Segundo o hospital, a comoção em torno do caso fez com que tanto funcionários do local como clientes entrassem em uma espécie de fila para adotar Pintada.

À TV Globo, um dos PMs envolvidos no atendimento, Henrique Ribeiro, contou que a decisão não teve muito planejamento, dada a urgência. “A gente tinha que dar um jeito na situação. O cachorro estava ferido. Acho que dinheiro não é tudo”, afirmou.

Cachorro morto em unidade do Carrefour gera comoção

Nos últimos dias, o caso de um cachorro que morreu na parte externa de uma unidade do Carrefour em Osasco (Grande SP) em circunstâncias ainda não esclarecidas gerou comoção. A Polícia Civil investiga a ocorrência, que terminou com a morte do animal.

Vídeos de câmeras de segurança do estabelecimento, já de posse da polícia, mostram um segurança do supermercado andando próximo ao cachorro com uma barra de ferro nas mãos. Em outras imagens, o animal aparece andando já sangrando, instantes antes de morrer, e sendo imobilizado por funcionários do Centro de Zoonoses da Prefeitura de Osasco, que foram acionados.

O Ministério Público Estadual instaurou um inquérito civil para apurar o caso. 

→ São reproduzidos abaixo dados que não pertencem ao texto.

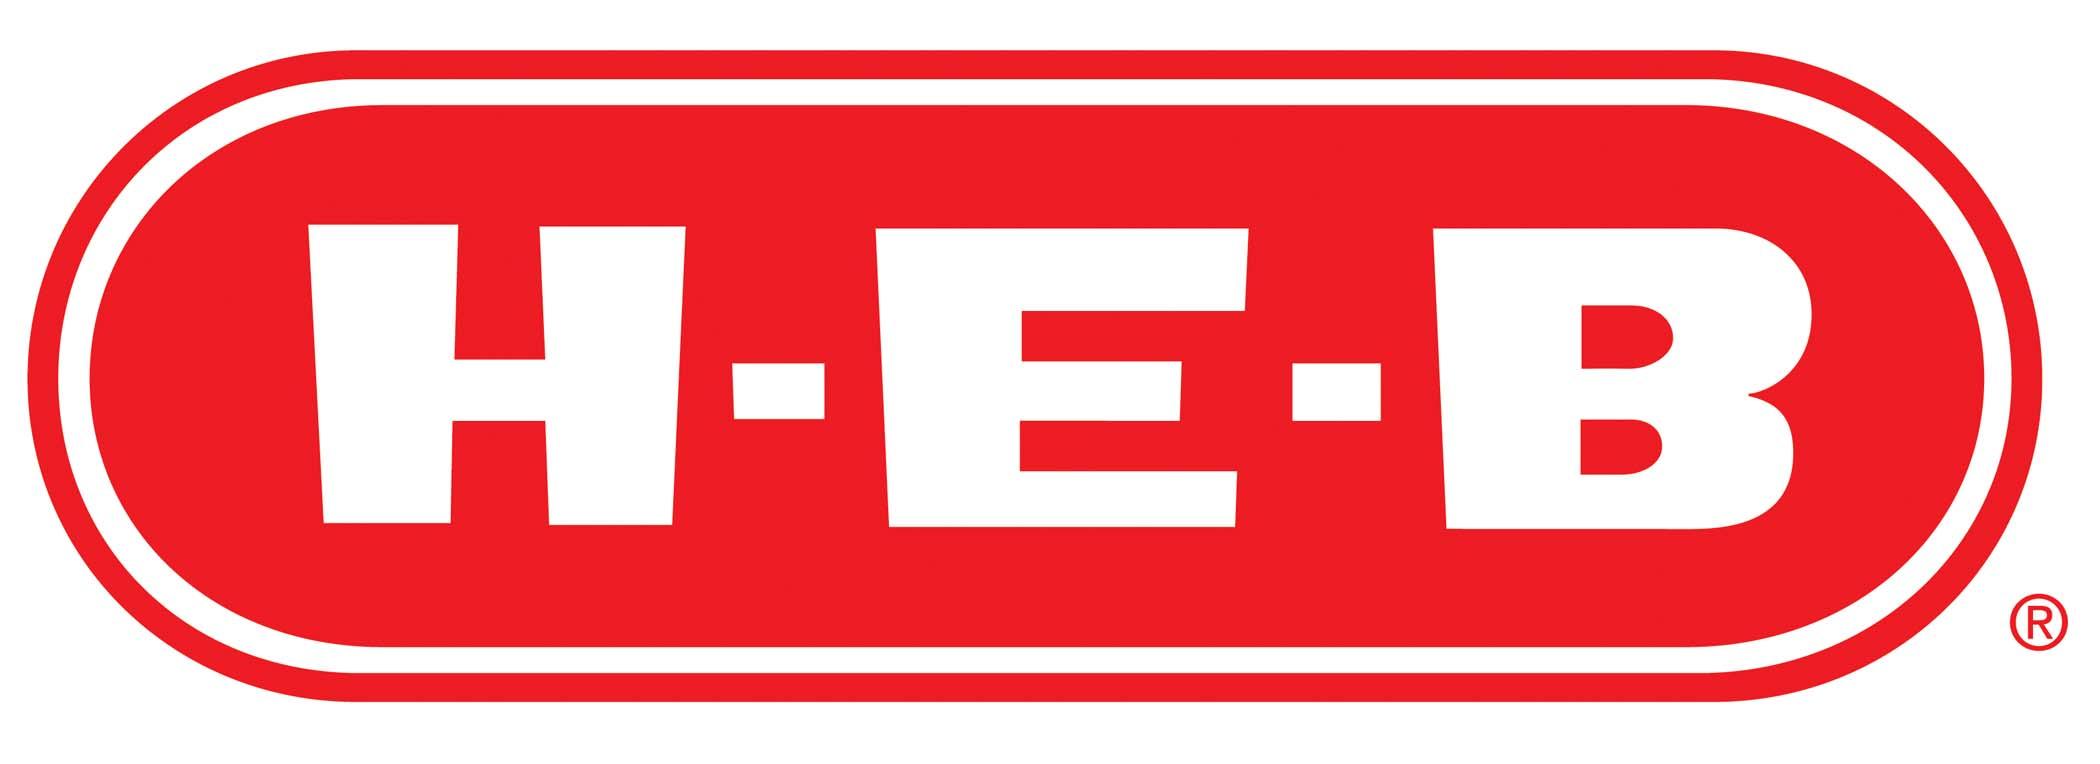 H-E-B-RED-logo.jpg

Em nota, o Carrefour disse reconhecer "um grave problema" em sua loja de Osasco. A empresa afastou a equipe de segurança enquanto as investigações são realizadas.

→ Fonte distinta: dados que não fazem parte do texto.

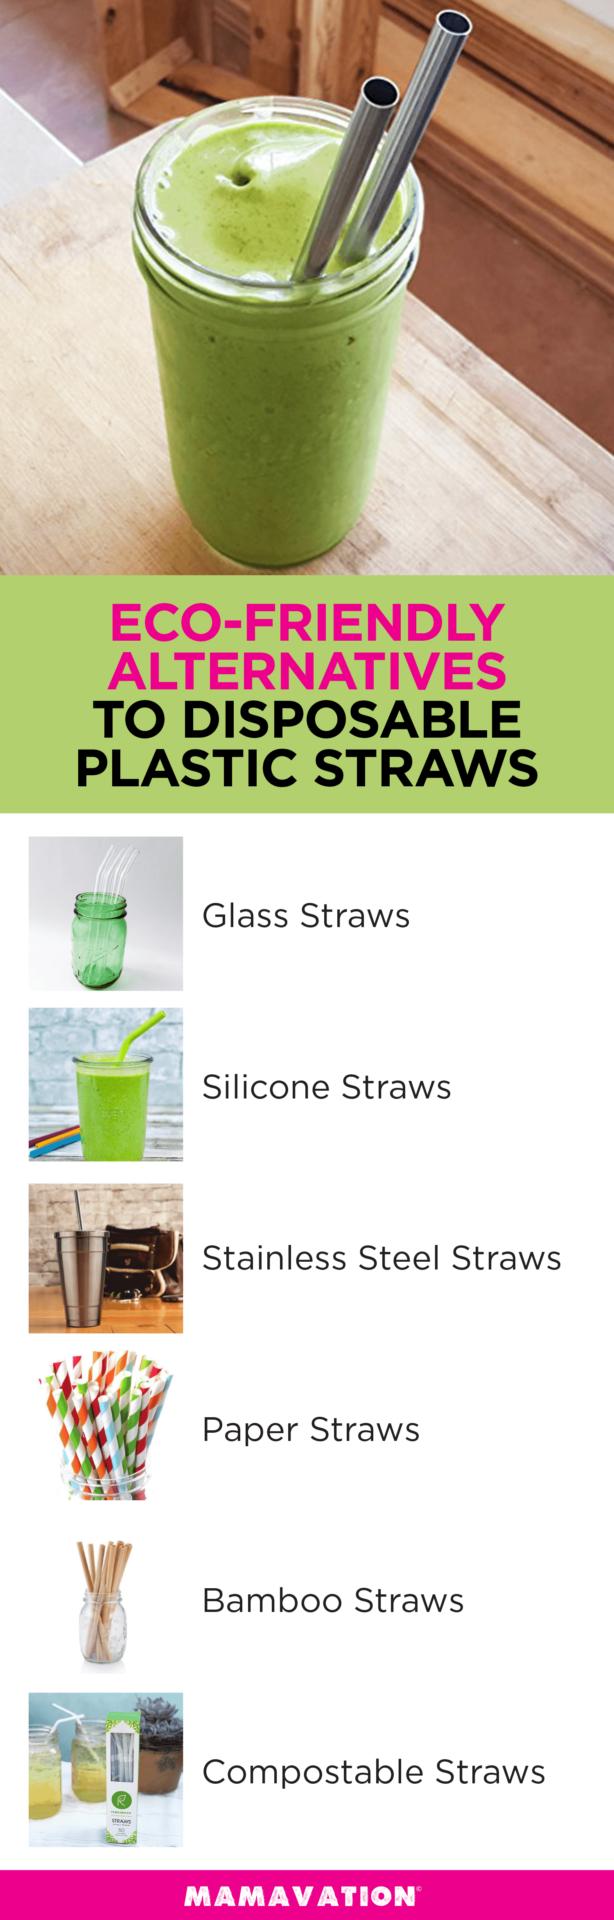 Eco-friendly alternatives to disposable plastic straws

"A empresa não vai se eximir de sua responsabilidade. Estamos tristes com a morte desse animal. Somos os maiores interessados em que todos os fatos sejam esclarecidos. Por isso, aguardamos que as autoridades concluam rapidamente as investigações." A rede informou ainda que, qualquer que seja a conclusão do inquérito, "estamos inteiramente comprometidos na reparação desse dano".